• _Requirement_
Each line from the one holding "Johanna Ortiz Eyelet" to the last line below must be restated word for word, and no picture may be included.

• _Raw data_
· · · ·

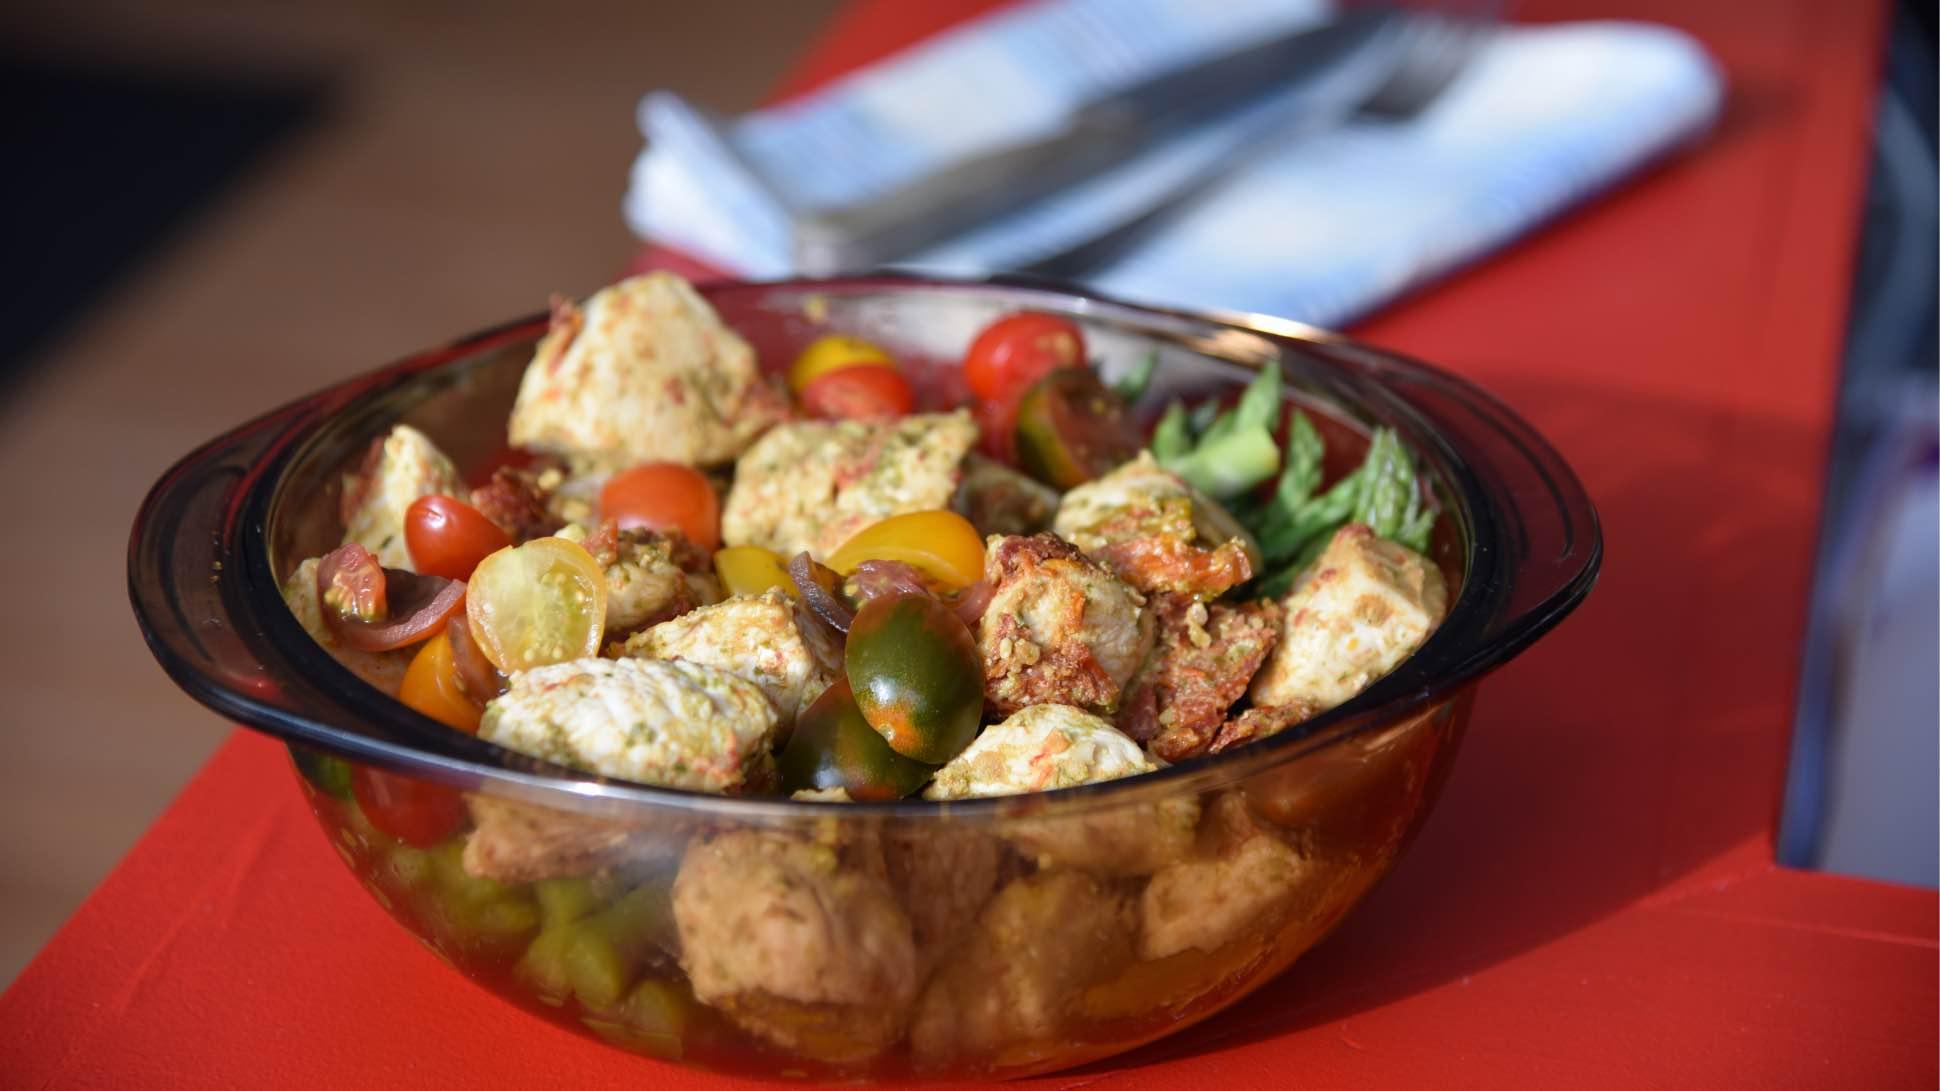 Tasty Tuesday_170110_Pesto Chicken_16x9.jpg
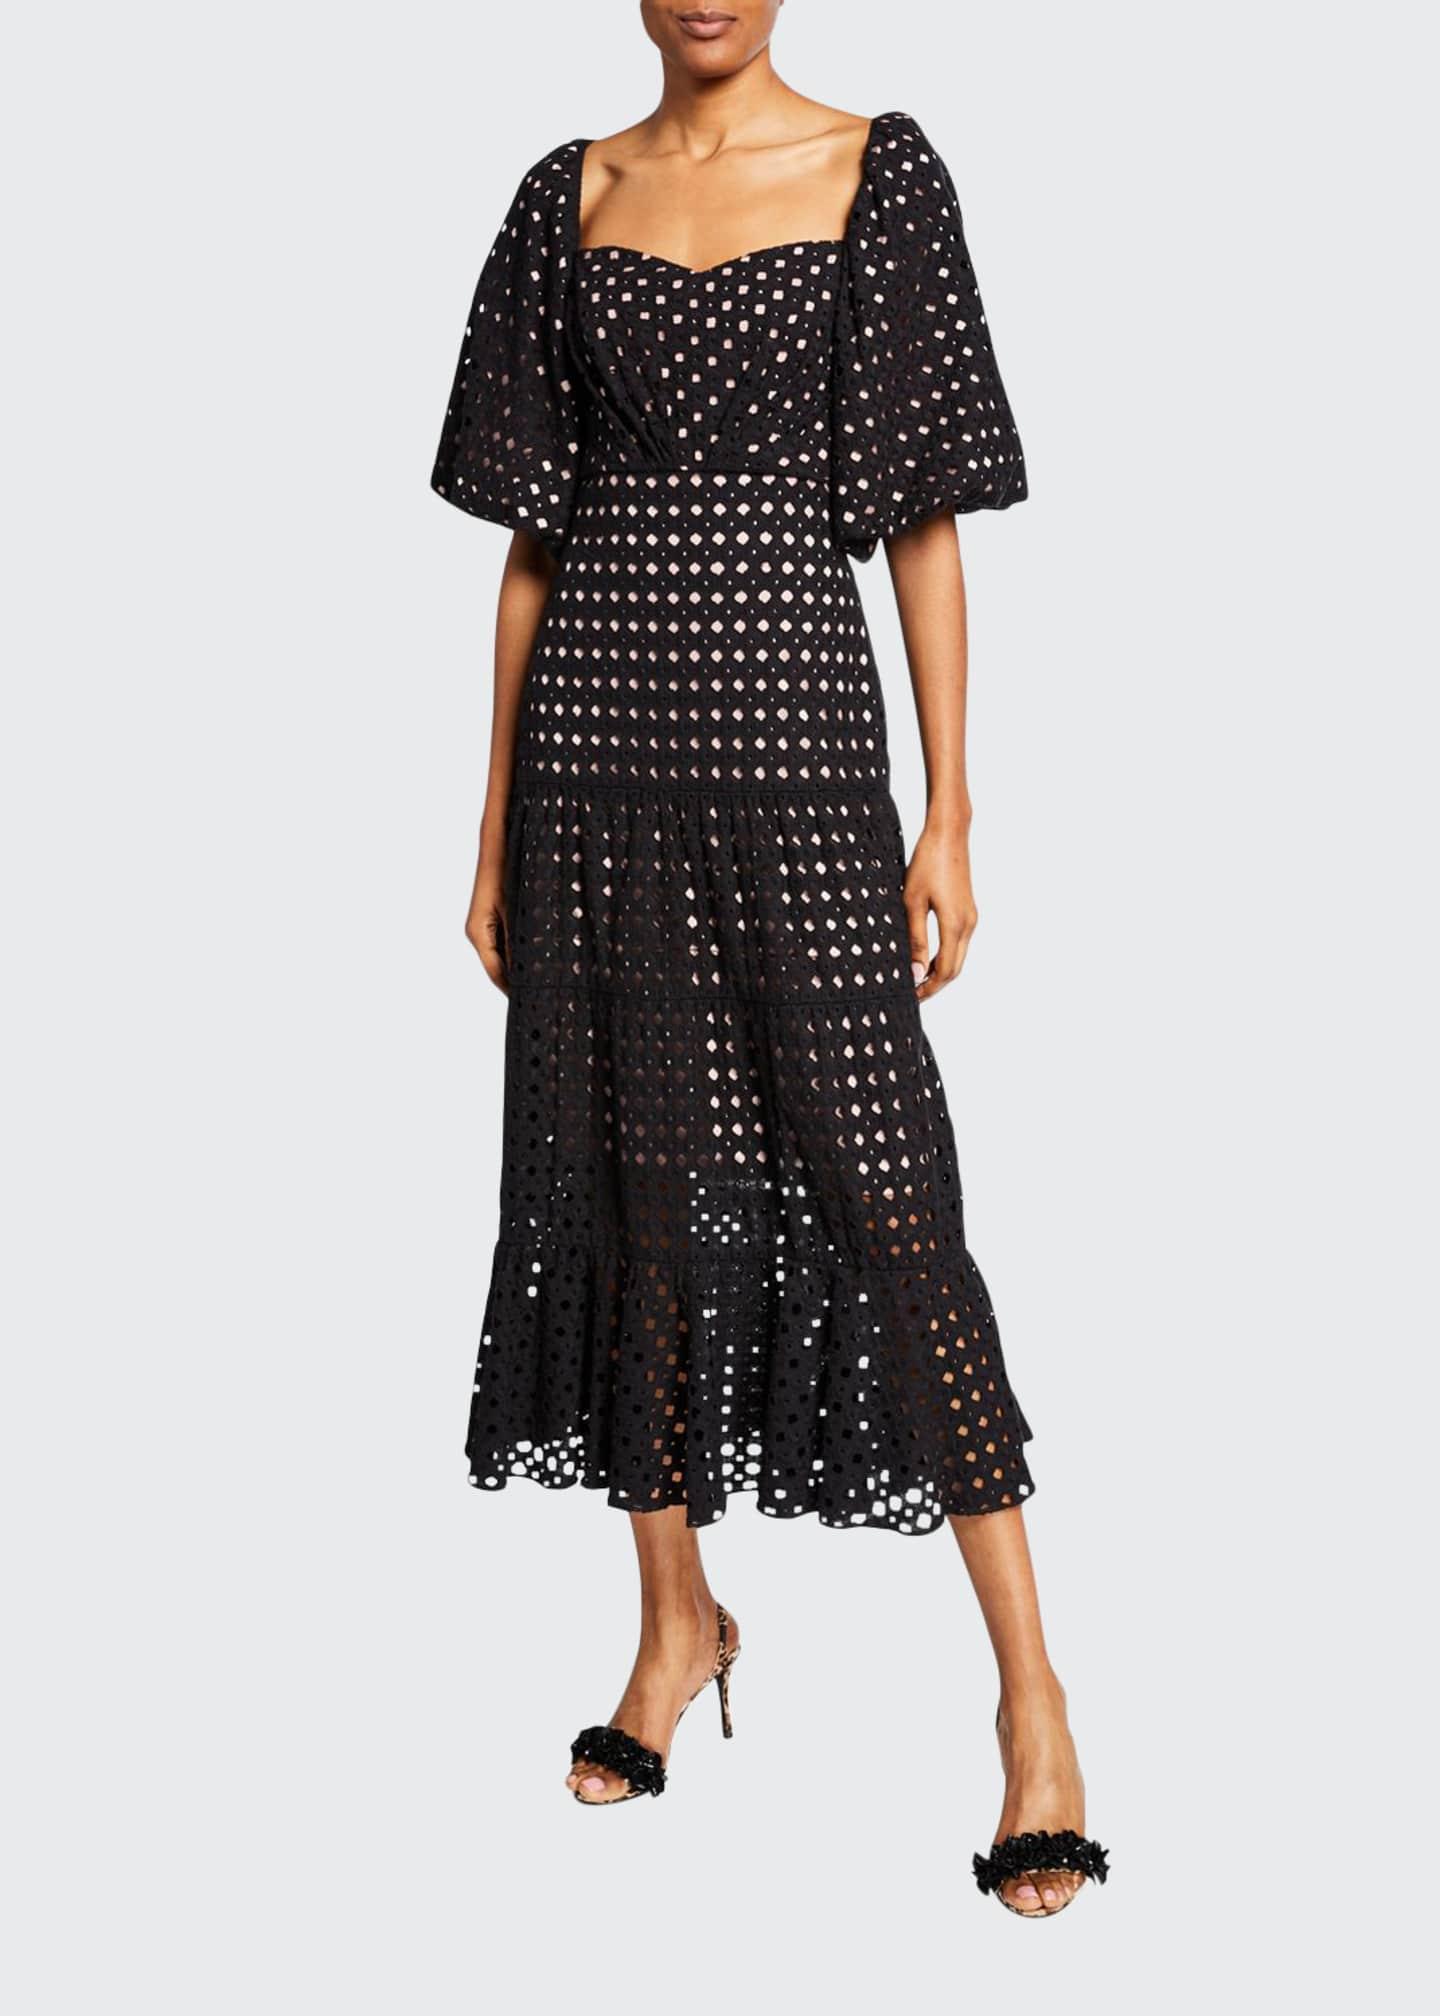 Johanna Ortiz Eyelet Embroidered Sweetheart-Neck Dress
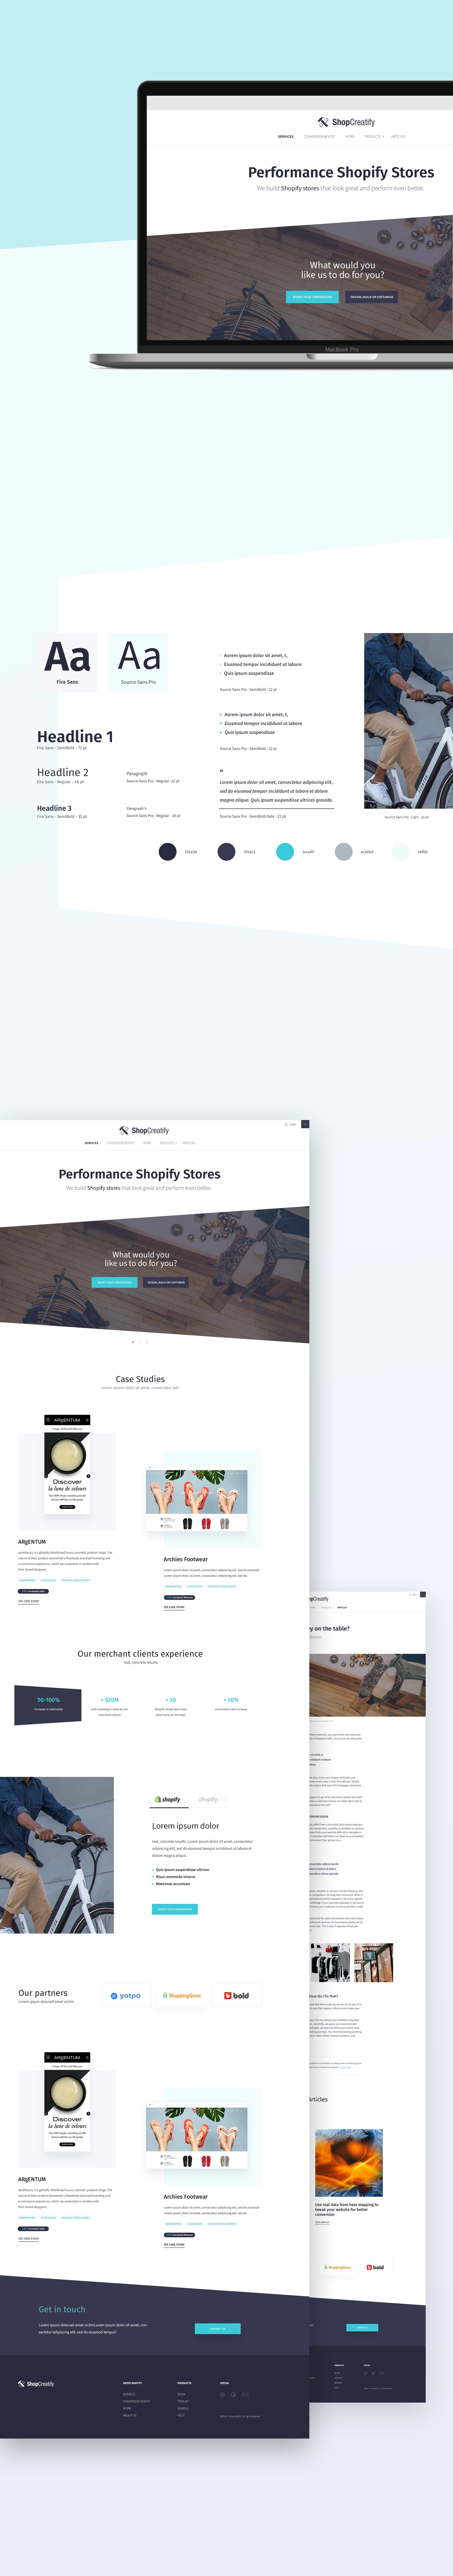 Shopify Agency Website Design

· · · ·

• _Answer box_
 Johanna Ortiz Eyelet Embroidered Sweetheart-Neck Dress
 Shopify Agency Website Design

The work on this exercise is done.